In one example scenario, instructions for the first code region are
retrieved from loop cache 82, and instructions for the second code
region (code following exit from the loop) are retrieved from
.mu.OP cache 86 in the same cycle. The decoding unit may be idle
during this time, or it may decode instructions of yet another code
region. Finally, in some cases instructions for both code regions
are retrieved from a multi-port .mu.OP cache in a given cycle (not
necessarily in all cycles}.
[0074] FIGS. 9-12 are diagrams that schematically illustrate
examples of code regions that can be processed using the disclosed
techniques, in accordance with embodiments of the present
invention. The vertical axis in the figures refers to the order of
instructions in the code, in ascending order of Program Counter
(PC) values, from top to bottom.
[0075] FIG. 9 shows an example of a loop having two possible exit
points. The loop ("first region") lies between an instruction 110
and a branch instruction 114. Thus, one exit point from the loop is
at branch instruction 114 (in case this conditional branch is not
taken), after completing the chosen number of loop iterations. A
conditional branch instruction 118 inside the loop creates a second
possible exit point from the loop, jumping to an instruction
122.
[0076] In this example, the loop has multiple possible flow-control
paths that may be traversed (different possible numbers of loop
iterations, and different exit points). The actual flow-control
path in a particular run may be data dependent. Depending on the
exit point from the loop, the code region reached after exiting the
loop ("second region") may begin at the instruction following
instruction 114, or at the instruction following instruction
122.
[0077] In some embodiments, the control circuitry predicts which
exit point is going to be used. Based on this prediction, the
control circuitry instructs the pipeline whether to start
retrieving instructions of the code region following instruction
114, or of the code region following instruction 122.
[0078] As can be appreciated, this prediction is statistical and
not guaranteed to succeed. If the prediction fails, e.g., a
different exit point is actually chosen, the control circuitry may
flush the instructions of the second region from the pipeline. In
this scenario, the pipeline is populated with a mix of
instructions, some belonging to the first region and others
belonging to the second region. Nevertheless, the control circuitry
flushes only the instruction belonging to the second region.

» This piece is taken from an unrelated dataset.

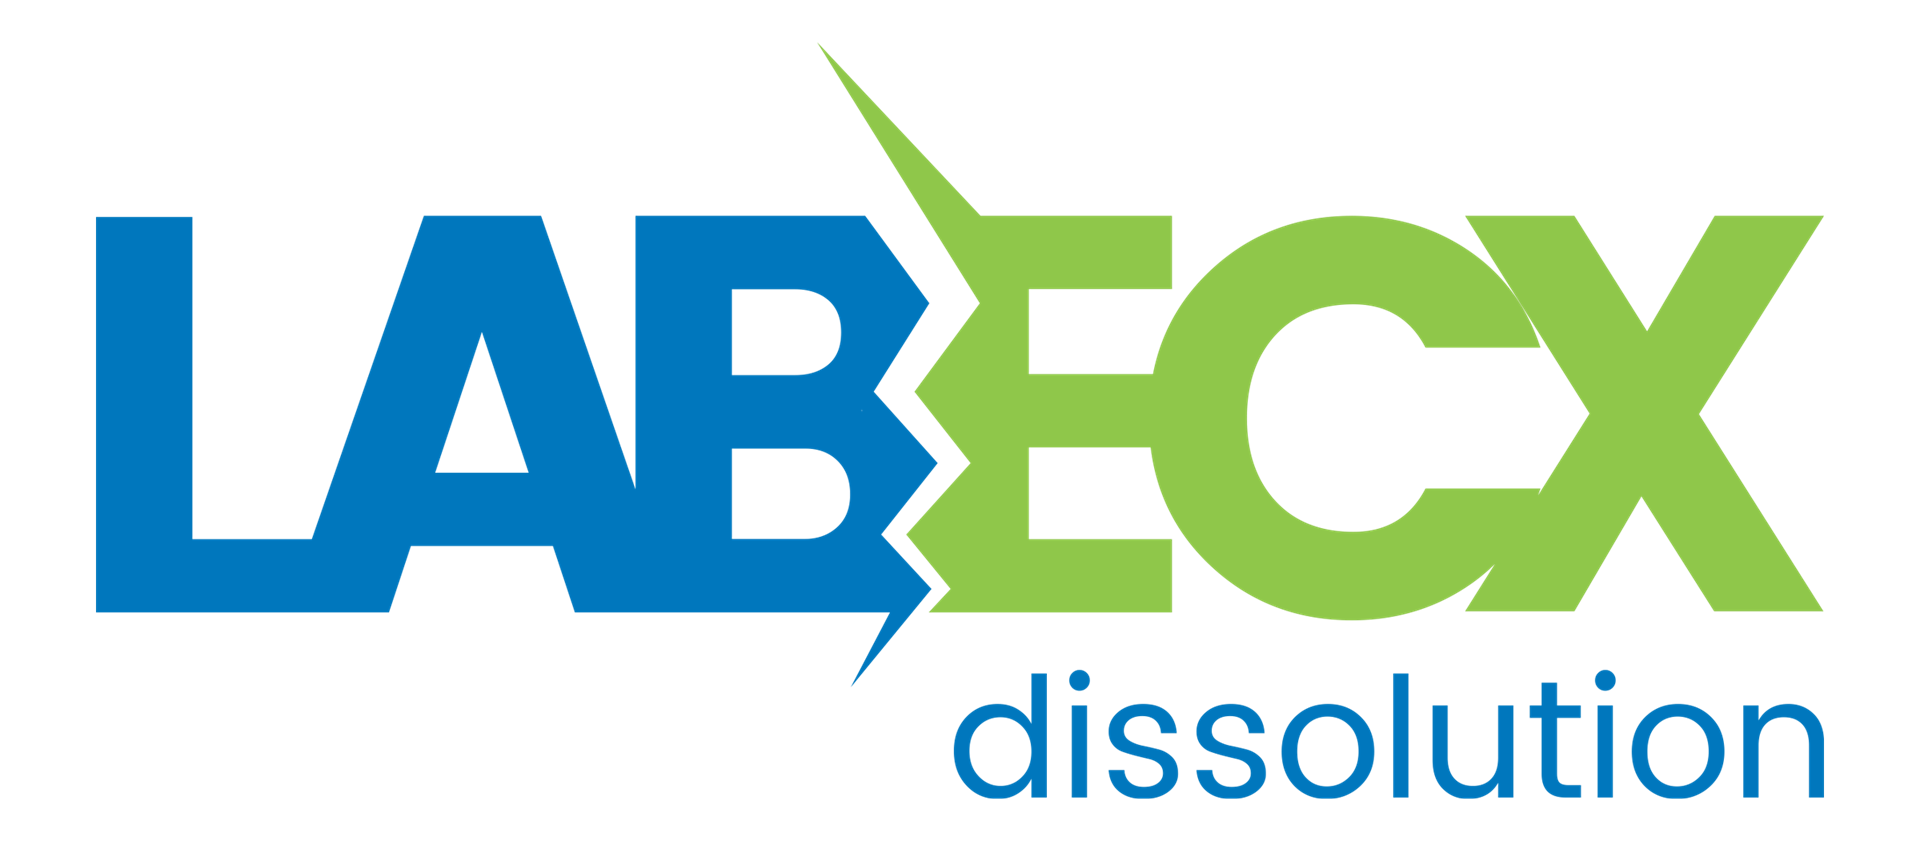 logo for Partner LabECX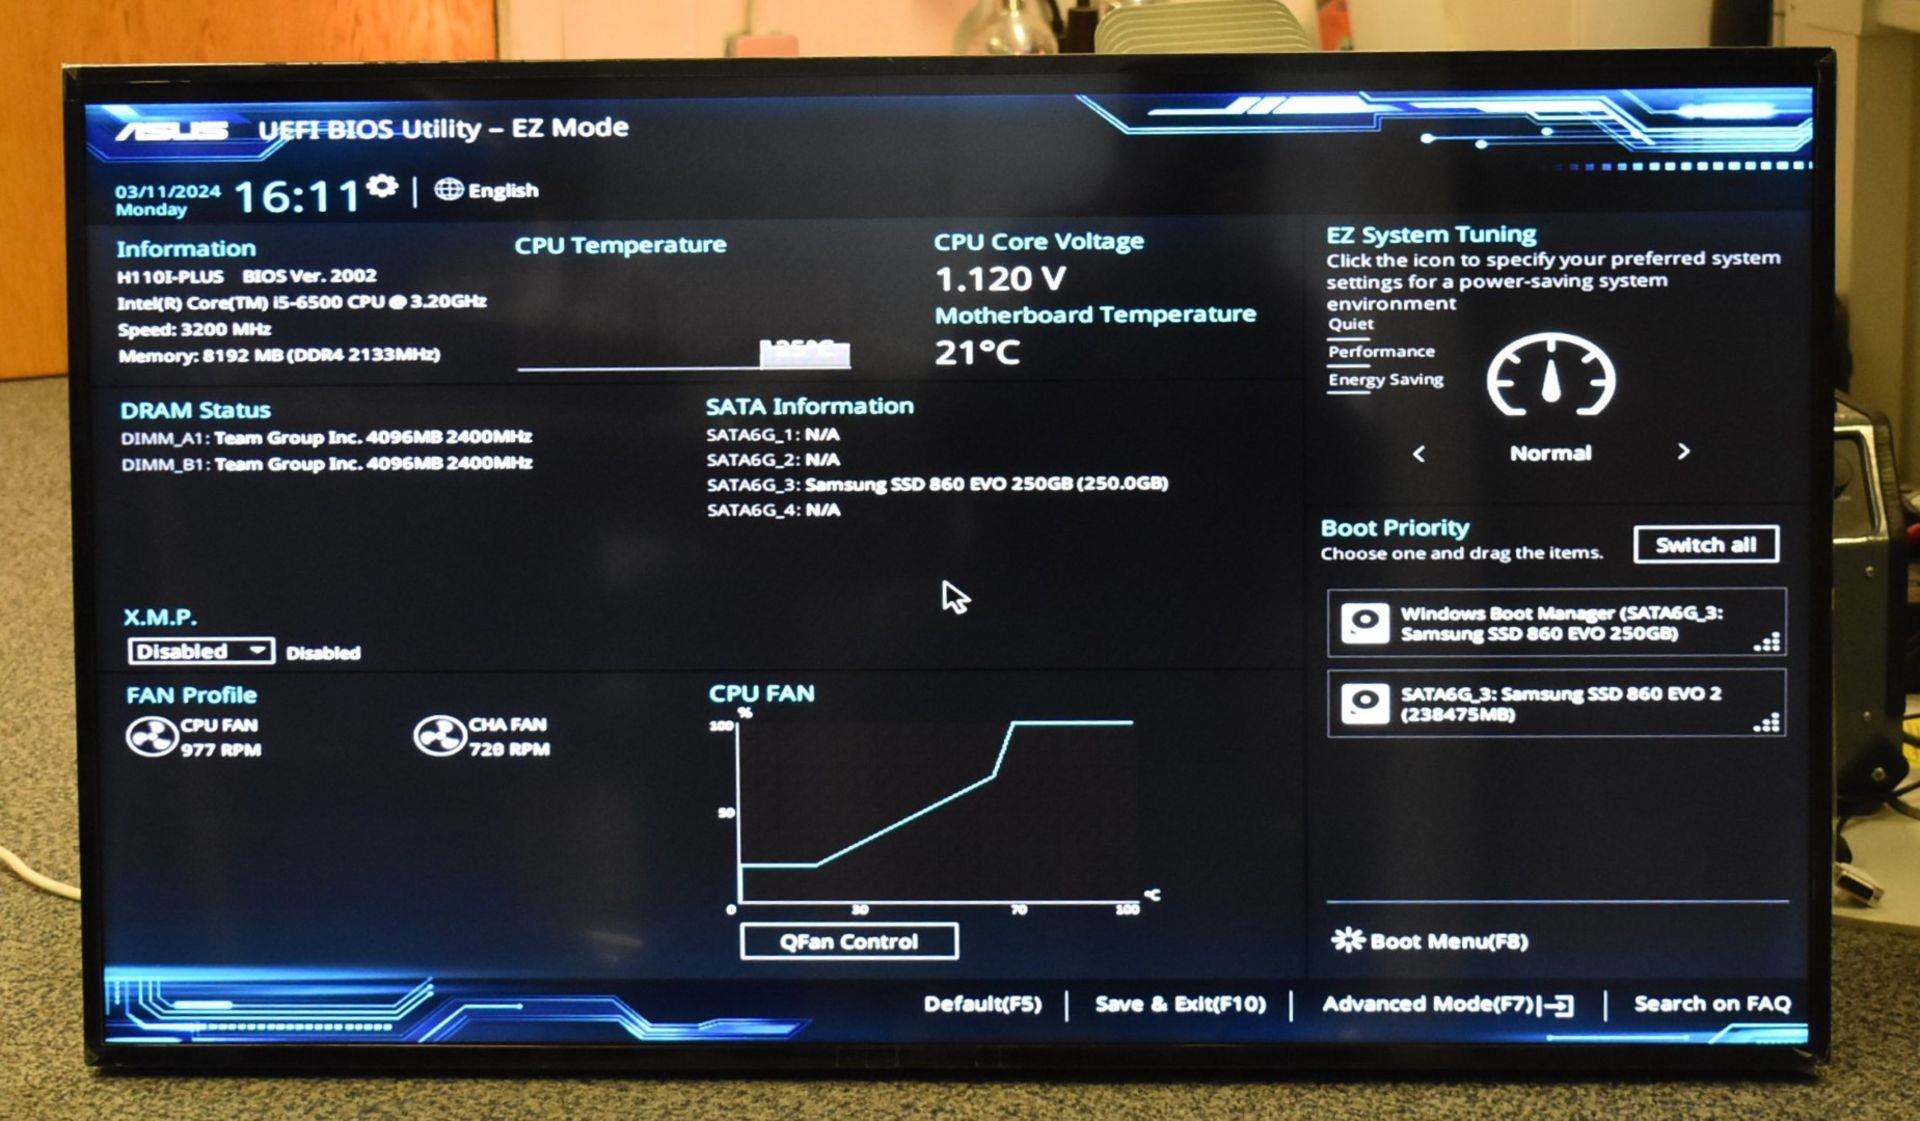 1 x iiyama ProLite 48 Inch Full HD Professional LED Display Monitor With SVA Panel Technology - Image 4 of 12

Example techniques for performing such selecting flushing are
described, for example, in U.S. patent application Ser. No.
15/285,555, cited above.
[0079] FIG. 10 shows another example of a loop having multiple
possible exit points. The loop ("first region") lies between an
instruction 130 and a branch instruction 134. Thus, one possible
exit point is instruction 134. A conditional branch instruction 138
inside the loop creates another possible exit point from the loop,
jumping to an instruction 142. Another conditional branch
instruction 146 conditionally jumps to the instruction that follows
instruction 134, thus creating additional possible flow-control
paths within the loop. Thus, depending on the actual flow-control
chosen, the "second region" may begin at the instruction following
instruction 134, or at the instruction following instruction
142.
[0080] FIG. 11 shows yet another example of a loop having multiple
flow control possibilities. The loop ("first region") lies between
an instruction 150 and a branch instruction 154. In this example,
instruction 154 is the only possible exit point from the loop.
Inside the loop, however, multiple flow-control paths are possible,
e.g., jumping from instruction 154 to an instruction 158, from an
instruction 162 to an instruction 166, or from an instruction 170
to instruction 150.
[0081] FIG. 12 shows an example of a function having multiple
possible internal flow-control paths. The function ("first region")
lies between an instruction 160 and a return instruction 164.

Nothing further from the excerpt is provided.